Senate Republicans have failed struggling families: It is cruel, and bad economics, to withhold stimulus aid

Another 1.1 million people applied for unemployment insurance (UI) benefits last week, including 751,000 people who applied for regular state UI and 360,000 who applied for Pandemic Unemployment Assistance (PUA). PUA is the federal program for workers who are not eligible for regular unemployment insurance, like gig workers. It provides up to 39 weeks of benefits, but it is set to expire at the end of this year.

The 1.1 million who applied for UI last week was a decline of just 25,000 from the prior week’s revised figures. Last week was the 32nd straight week total initial claims were far greater than the worst week of the Great Recession. (If that comparison is restricted to regular state claims—because we didn’t have PUA in the Great Recession—initial claims last week were still 3.7 times where they were a year ago.)

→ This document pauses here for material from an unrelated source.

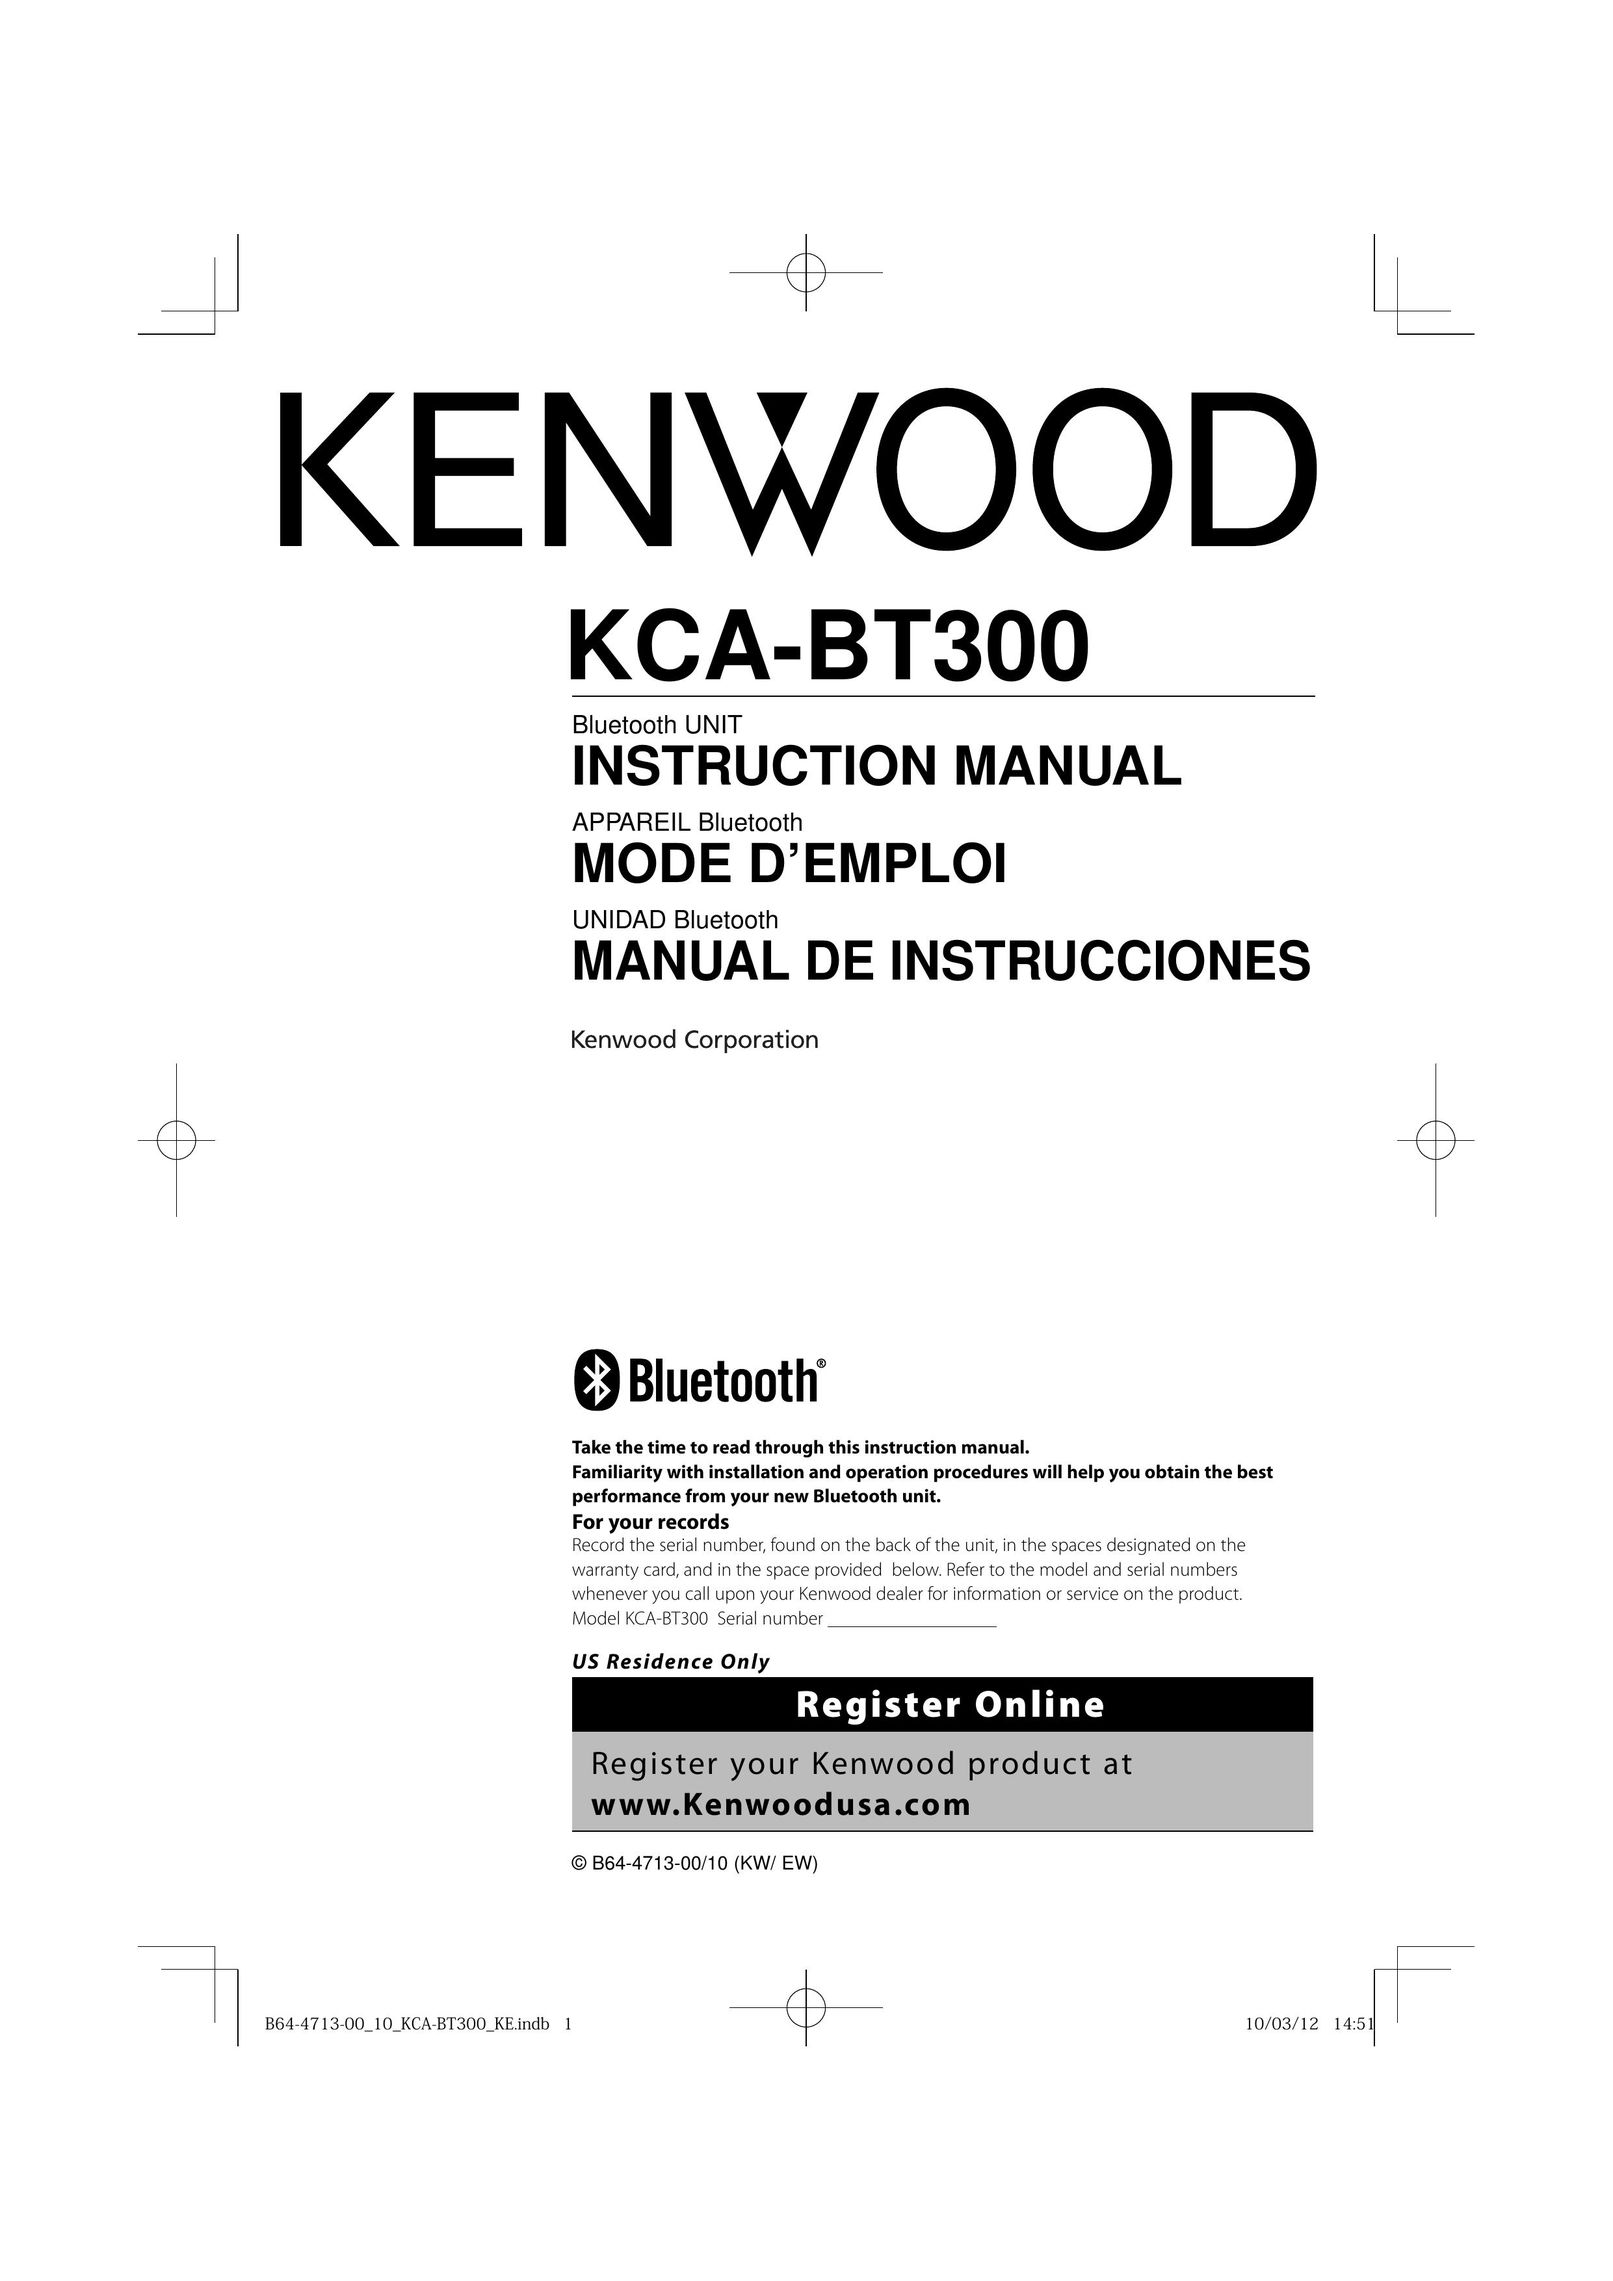 Kenwood KCA-BT300 Bluetooth Headset User Manual

Most states provide 26 weeks (six months) of regular benefits, and this crisis has gone on much longer than that. That means many workers are exhausting their regular state UI benefits. In the most recent data, continuing claims for regular state UI dropped by 709,000, from 8.5 million to 7.8 million.

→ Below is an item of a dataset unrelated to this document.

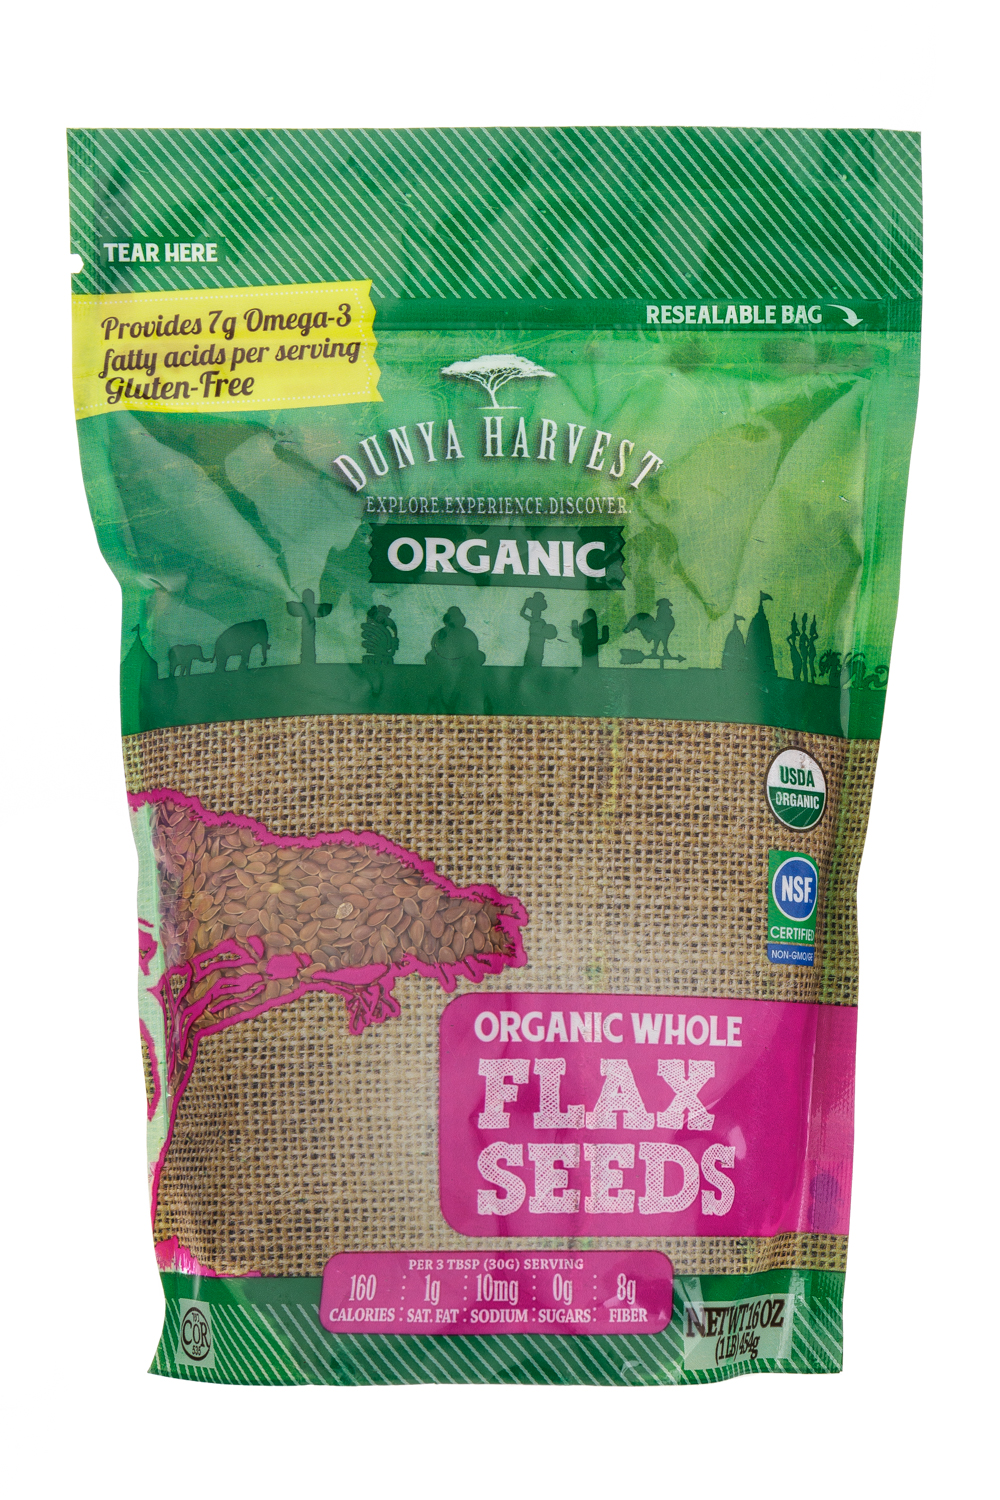 Organic whole flax seeds

Fortunately, after an individual exhausts regular state benefits, they can move onto Pandemic Emergency Unemployment Compensation (PEUC), which is an additional 13 weeks of regular state UI. However, in the latest data available for PEUC (the week ending October 10) PEUC rose by “just” 387,000 to 3.7 million, offsetting only 42% of the 921,000 decline in continuing claims for regular state benefits for the same week. The small increase in PEUC relative to the decline in continuing claims for regular state UI is likely due in large part to delays workers are facing getting onto PEUC, including workers either not being told about PEUC or not being told that they have to apply for it (states are required to notify eligible workers, but it may not be happening). Further, many of the roughly 2 million workers who were on unemployment insurance before this recession began, or who are in states with less than the standard 26 weeks of regular state benefits, are exhausting PEUC benefits.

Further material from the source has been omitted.